Week of December 12
December 11, 1875 – 150 YEARS AGO
Rockland County Journal
AROUND HOME
☞ Joseph Smith, an umbrella tinker, was arrested by Hubbell on Wednesday evening for being drunk and disorderly. On Thursday morning Judge Stephens sent him up for ten days.
☞ Will the owner of the lot on DePew Avenue east of Mr.
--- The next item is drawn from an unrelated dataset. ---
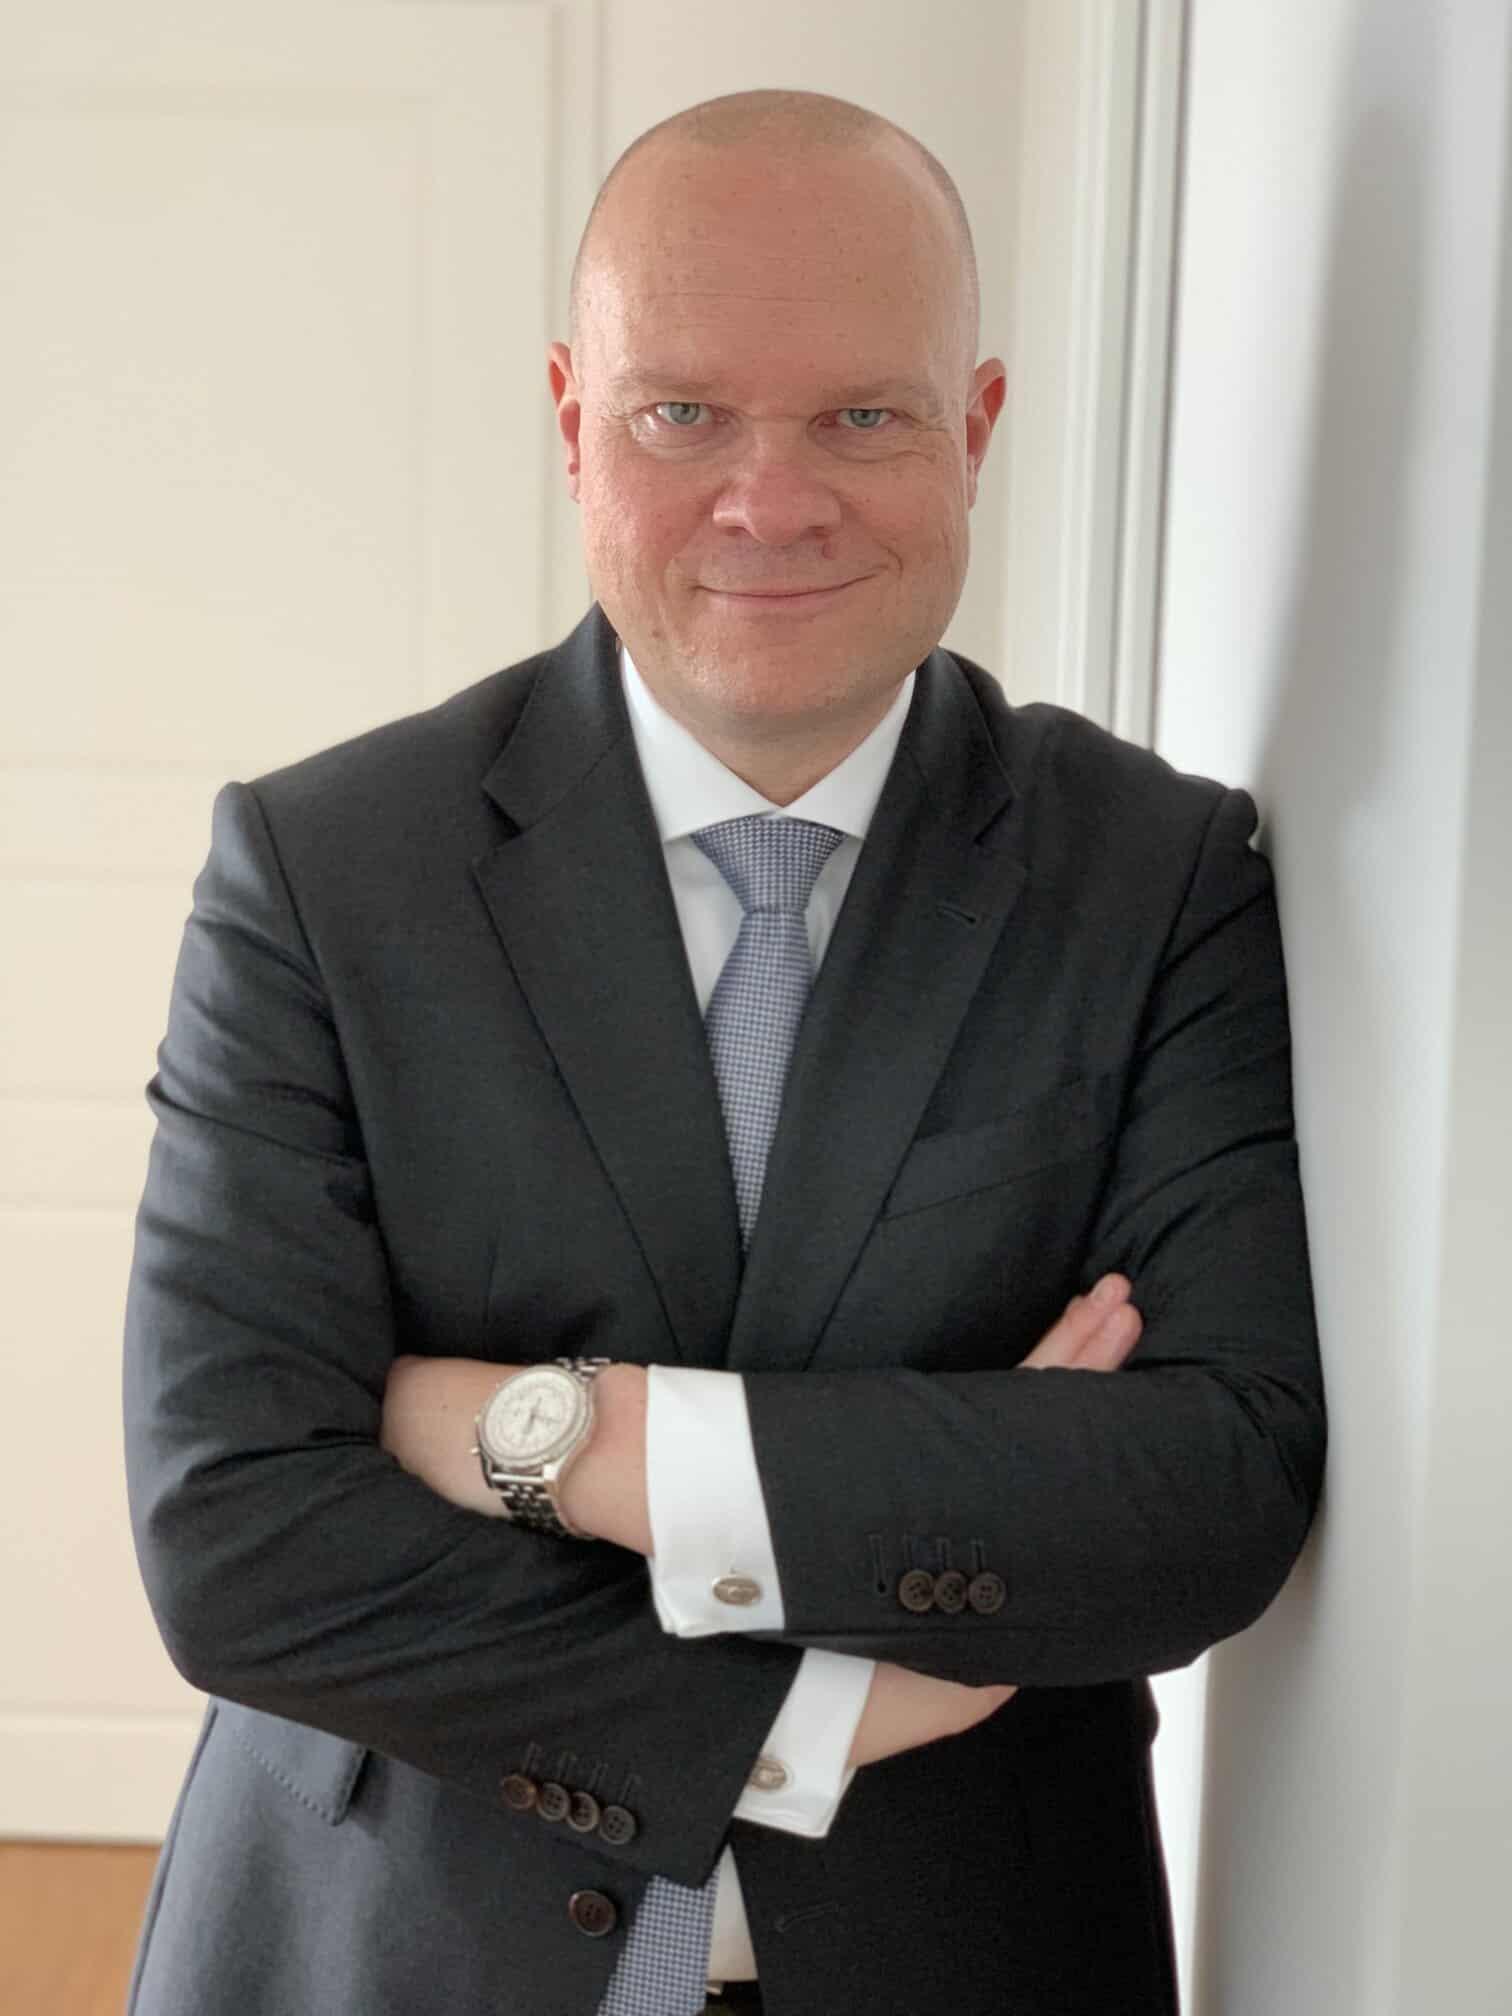 rsz pm ssh bild - Dr. Sascha Schuth neuer Partner bei TARGUS

Elting’s make those ornamental flagstones thereon useful by laying them down so that the public shall not have to walk through liquid mud?”
☞ If “Cornelius is disgusted with Nyack” what in the world does Martin Knapp (Broadaxe) think of it as a village?—Messenger. Martin lives here and that is more than he could do in Haverstraw.
☞ Grand preparations for the holidays at Clarksville. Capt. Abe Knapp is to have a big shooting-match at his place, on Christmas day and a Grand Social Hop on Friday evening, 31st inst., New Year’s Eve.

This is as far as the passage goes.